研究課題/領域番号 |
19K02682
|
研究種目 |
基盤研究(C)
|
配分区分 | 基金 |
応募区分 | 一般 |
審査区分 |
小区分09040:教科教育学および初等中等教育学関連
|
研究機関 | 島根大学 |
研究代表者 |
槇原 茂 島根大学, 学術研究院教育学系, 特任教授 (00209412)
|
研究期間 (年度) |
2019-04-01 – 2023-03-31
|
研究課題ステータス |
完了 (2022年度)
|
配分額 *注記 |
520千円 (直接経費: 400千円、間接経費: 120千円)
2021年度: 130千円 (直接経費: 100千円、間接経費: 30千円)
2020年度: 130千円 (直接経費: 100千円、間接経費: 30千円)
2019年度: 260千円 (直接経費: 200千円、間接経費: 60千円)
|
キーワード | 市民革命 / 歴史教科書 / イギリス / フランス / 中等教育 / ブルジョワ革命 / シティズン / 近代 / 社会科 |
研究開始時の研究の概要 |
本研究は、日本の歴史教育において「市民革命」として取り上げられている歴史事象が、革命の母国であるイギリスやフランスの中等教育の歴史教科書においてどのように記述されているのかを明らかにする。各国の教科書を分析する上で、近年の歴史研究の成果、教科書制度、教育内容への国家の関与、さらには欧州連合や欧州評議会の教育政策をも視野に入れた考察をおこなう。 そして、これらの考察に照らしながら、日本の教科書の「市民革命」像は今後も維持されるべきかどうか、維持されるとすれば、どのような側面や観点が重視されることが望ましいかといった点を明らかにする。
|
研究成果の概要 |
本研究では、戦後歴史学における「市民革命」論の前提とされていたマルクス主義的なブルジョワ革命論が否定されるようになったにもかかわらず、現行の学習指導要領、歴史教科書において「市民革命」概念や用語が使われ続けている現状について疑問を呈した上で、英仏両国の歴史教科書の分析もおこなった。
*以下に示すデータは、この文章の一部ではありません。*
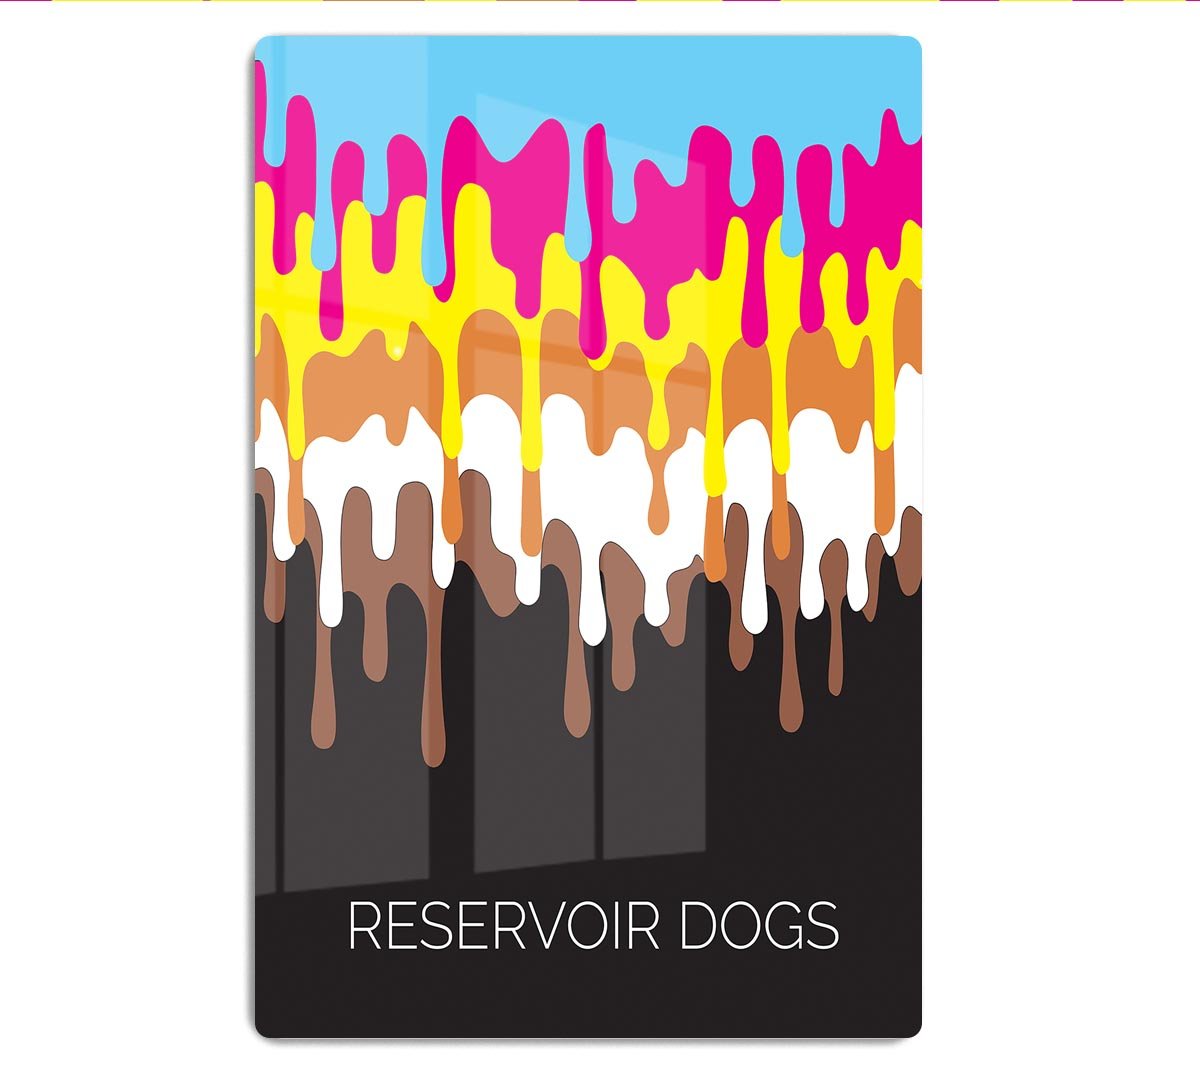 Reservoir Dogs Minimal Movie HD Metal Print

その結果、「市民革命」概念・用語を引き続き用いるためには、「ブルジョワ」ではなく「シティズン」が主役になる民主化プロセスの起点として定義しなおし、新たな共通理解を構築していく方が望ましいという結論にいたった。
|
研究成果の学術的意義や社会的意義 |
歴史学の専門研究ではもはや通用しなくなった「市民革命」概念が、学習指導要領や教科書においてほとんど無批判に用いられ続けているという両者の間のギャップについて焦点を合わせ論じた。歴史学と歴史教育・社会科教育学の狭間でほとんど不問に付されてきた問題に取り組んだ点に意義がある。さらに英仏の歴史教科書の記述も参照した上で、以下のように提言した。今後「市民革命」の概念・用語が使われつづけるためには、新たな定義が試みられるべきでないか。その場合、世界史における民主化プロセスの起点として、ジェンダーや奴隷制の問題も視野に入れ論じる必要があるだろう。